Aku bersama Malini ke pasar. Kebetulan dia membawa beberapa kg kopi yang hendak dijual lalu uangnya buat belanja bahan makanan yang akan dibawa ke kebun. Memetik kopi lagi lalu dijual lagi . Begitulah siklusnya petani kopi, kata Malini.
Sampai di pasar, ku amati lebih detail tentang jual beli kopi itu.
Oh, berarti kami harus memiliki tempat kalau begitu. Saat itu juga sambil belanja kami juga mencari info sekiranya ada tempat atau kios kecil yang disewakan. Kupikir uang yang ada harus dibagi untuk modal juga.
Berjalan- jalan sambil pulang, belum ada harga yang cocok sesuai budget yang ada. Sulit juga ternyata.
Besoknya lagi, aku dan suamiku menjelajah sekitar pasar.
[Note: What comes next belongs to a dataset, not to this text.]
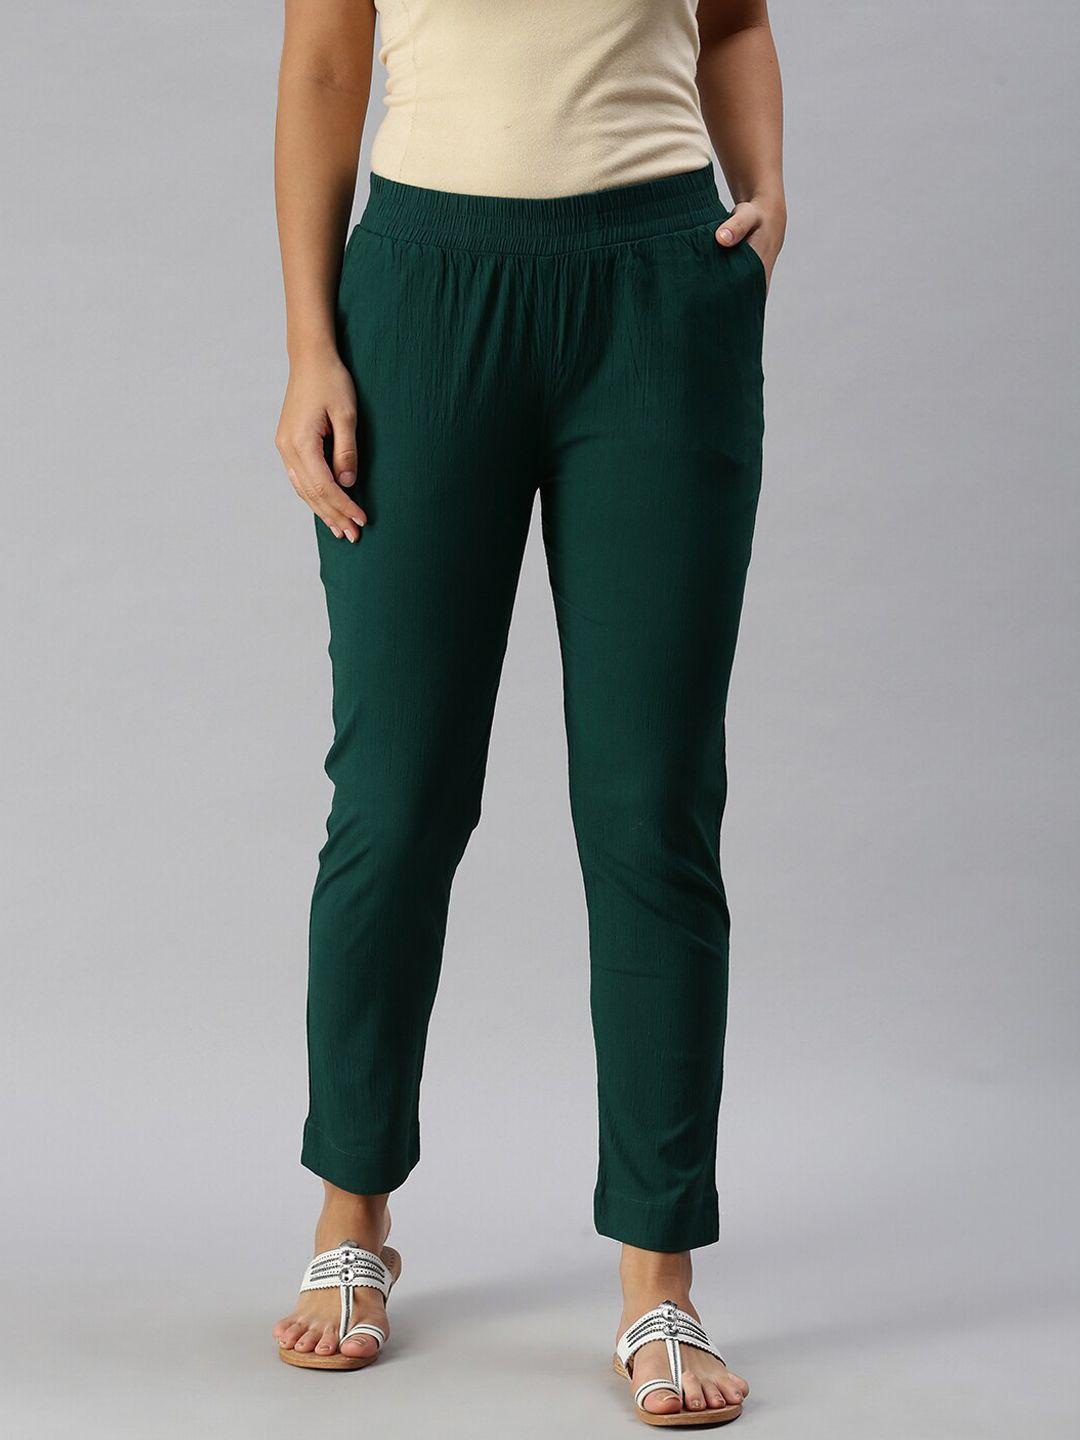 soch women green casual trousers

Belum dapat, belum dapat harga yang terjangkau.
Besoknya lagi, begitu lagi. Setiap hari kami mencari dan terus mencari.
Bukan perkara mudah mencari harga sewa sesuai dengan rencana anggaran. Tapi bukan berarti tidak ada. Aku yakin pasti ada. Hanya belum ketemu sajaÂ
Untungnya suamiku bukan orang asing di desa ini. Bertanya-tanya kepada kenalan dan kerabatnya barulah mulai ada titik terang.
Ada tempat bekas garasi yang kosong, karena mobilnya sudah dijual, agak jauh dari pasar tapi kata suamiku itu tidak masalah.Katanya kami tidak harus duduk di situ menunggu orang datang menjual kopinya tetapi dia akan jemput bola ke kebun-kebun saudara atau kenalannya. Nah, ok, aku setuju.
Bismillah, setelah dibersihkan, besoknya kami mulai buka usaha ha kecil-kecilan, jual beli kopi.
 Bekas garasi yang kami sewa sekaligus sebagai tempat tinggal. Setelah disekat dengan triplek dibagi menjadi 2 ruangan. Untuk dapurnya , boleh memakai ruang di belakangnya. Alhamdulillah.